Presently I can't follow the wikidata adventure nor the metadata flow - I focus my interest on tools to help user while editing/formatting text of pages.
Alex
2013/11/29 Thomas Tanon thomaspt@hotmail.fr
There are already a lot of data in the img_metadata field of the image table. I hope all data you are looking for are in it.
Thomas
Le 28 nov. 2013 à 23:57, Alex Brollo alex.brollo@gmail.com a écrit :
I feel uncomfortable thinking to upload large files just to use a little bit of data... I presume that djvu are saved as "bundled" files, have you any new about saving them as "indirect" files, t.i. as single pages + an index file and some rather small pieces? Who could give me some detail about djvu files storage, and about projects to develop their management?
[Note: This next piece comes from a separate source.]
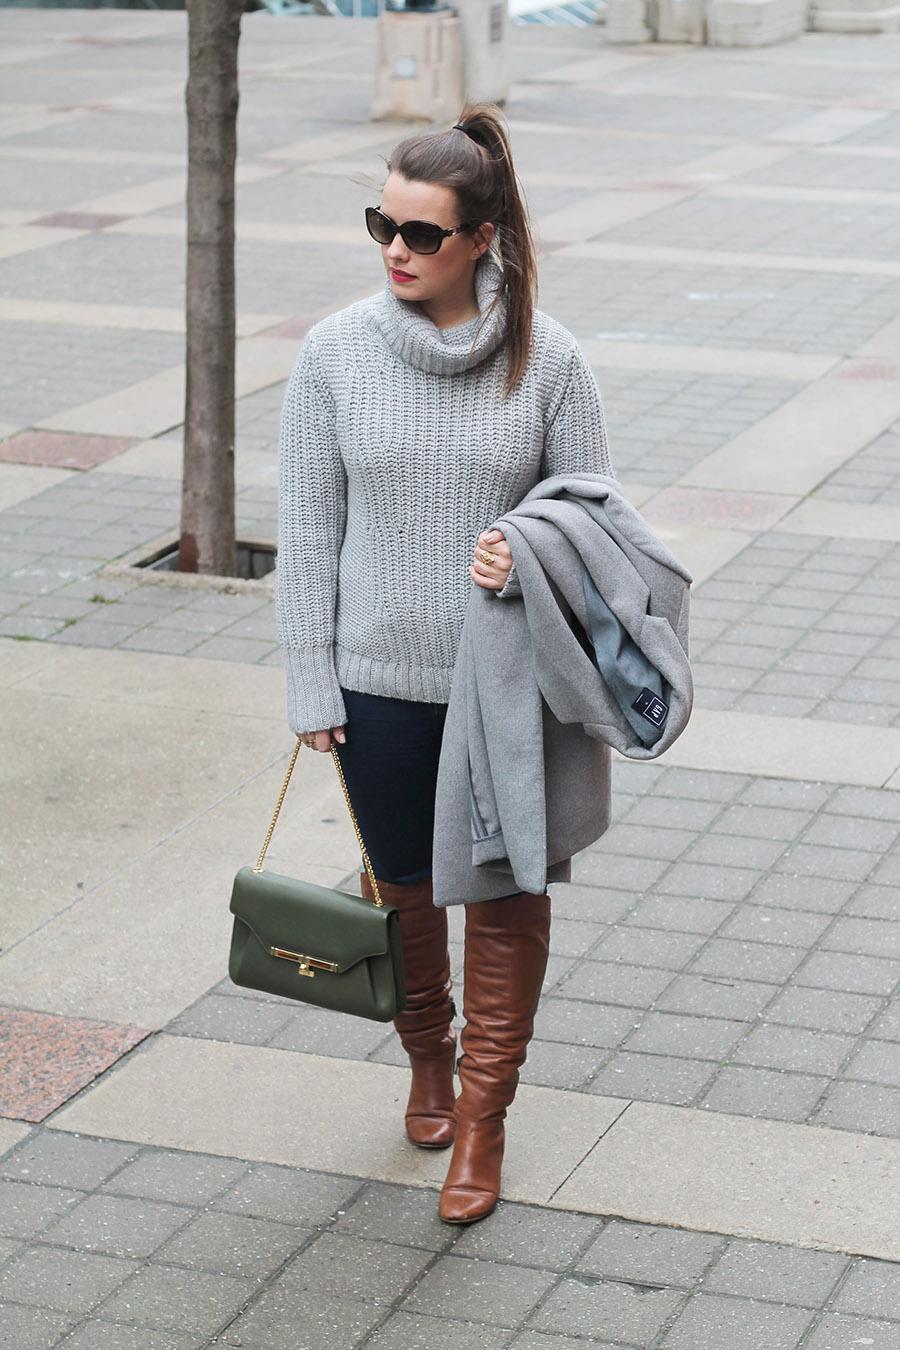 Toronto Fashion Blog, Canadian Style Blogger, Outfit Ideas, Fashion, Style, Grey Turtleneck Sweater
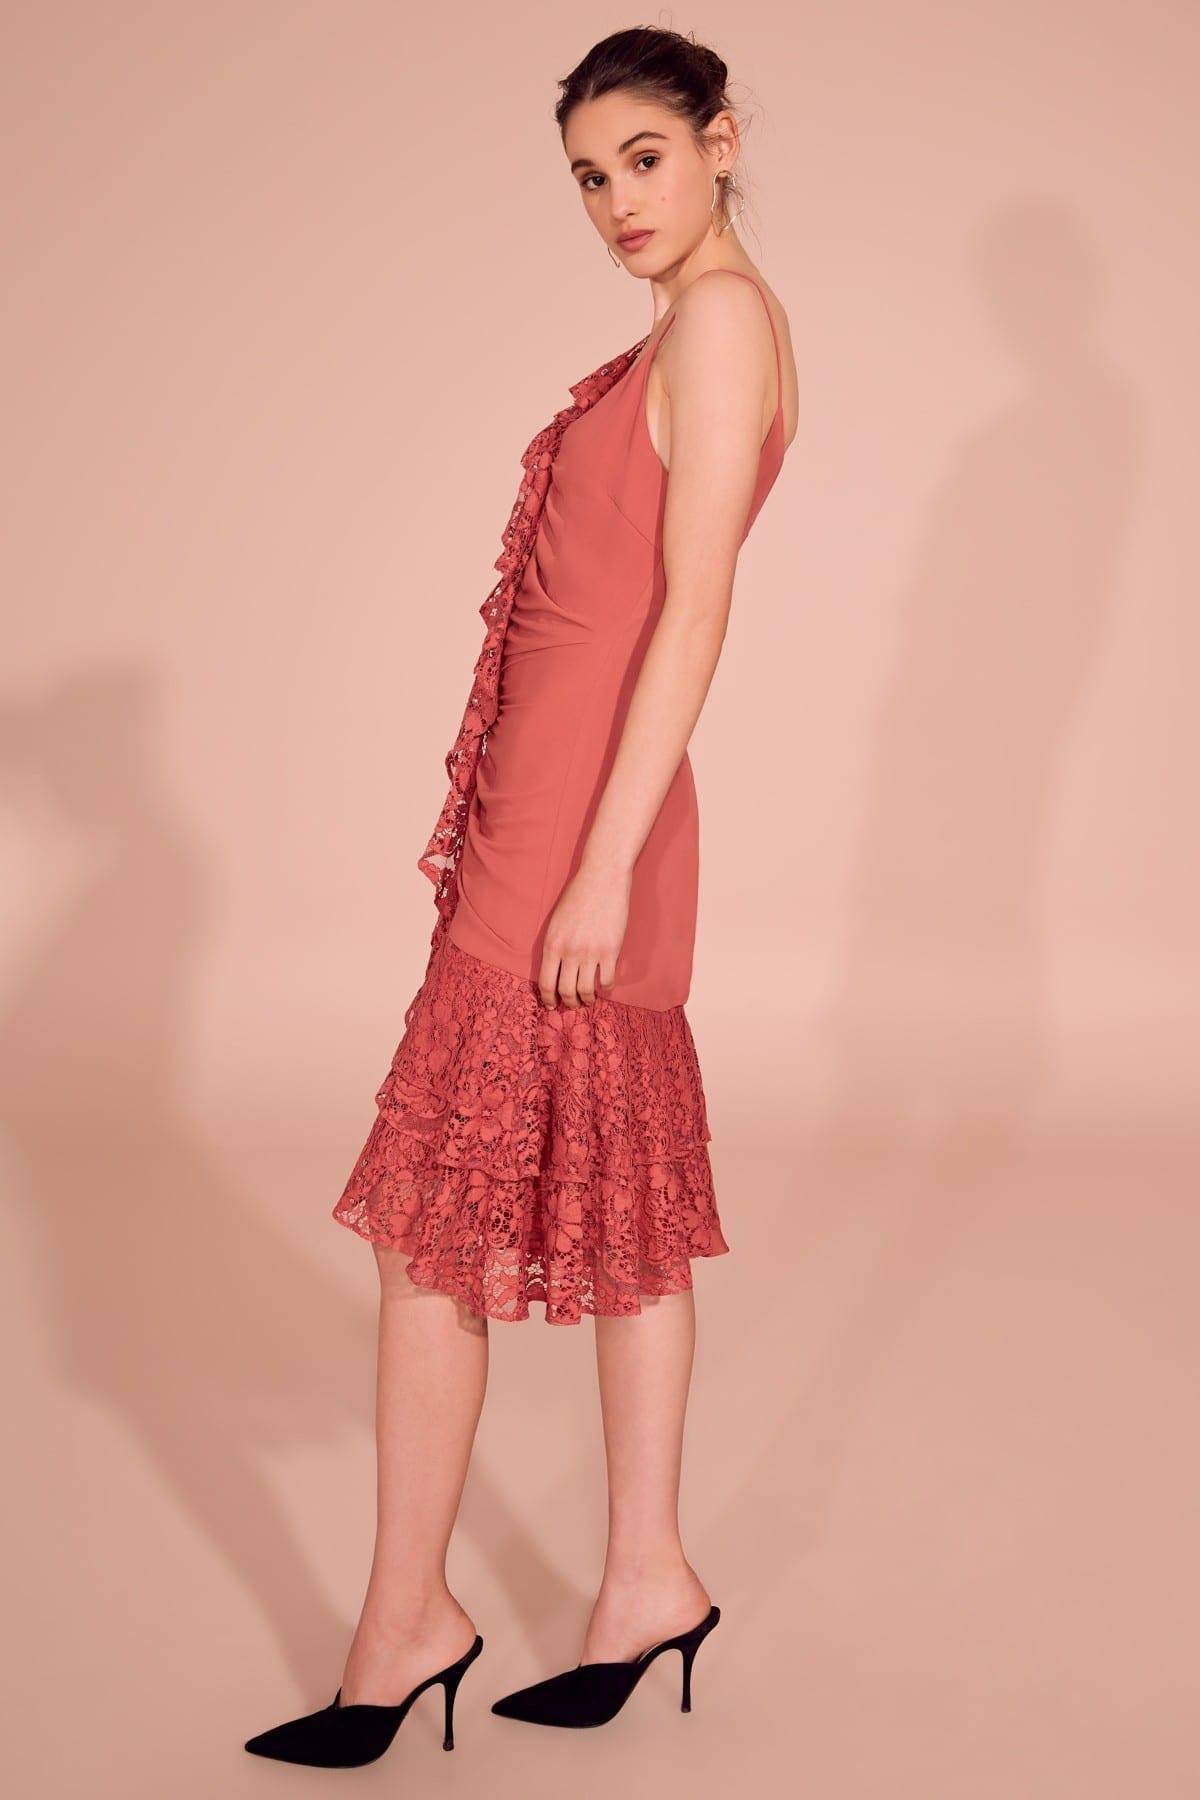 KEEPSAKE All Night Faded Rose Dress - We Select Dresses 04f455a3d

I opened a "bold bug" in Bugzilla asking for some API actions bridging API and djvulibre routines; who is in your opinion an API developer which could be interested about such a rough idea?
Alex
2013/11/28 Federico Leva (Nemo) nemowiki@gmail.com
Alex Brollo, 28/11/2013 20:36:
I'll try to test some routines to manage both image and text layers of
our itsource djvu files. My question: have I to upload them from Commons, or there's the possibility to access to them/to a copy of them into some folder of Labs without any need of uploading (painfully) a copy?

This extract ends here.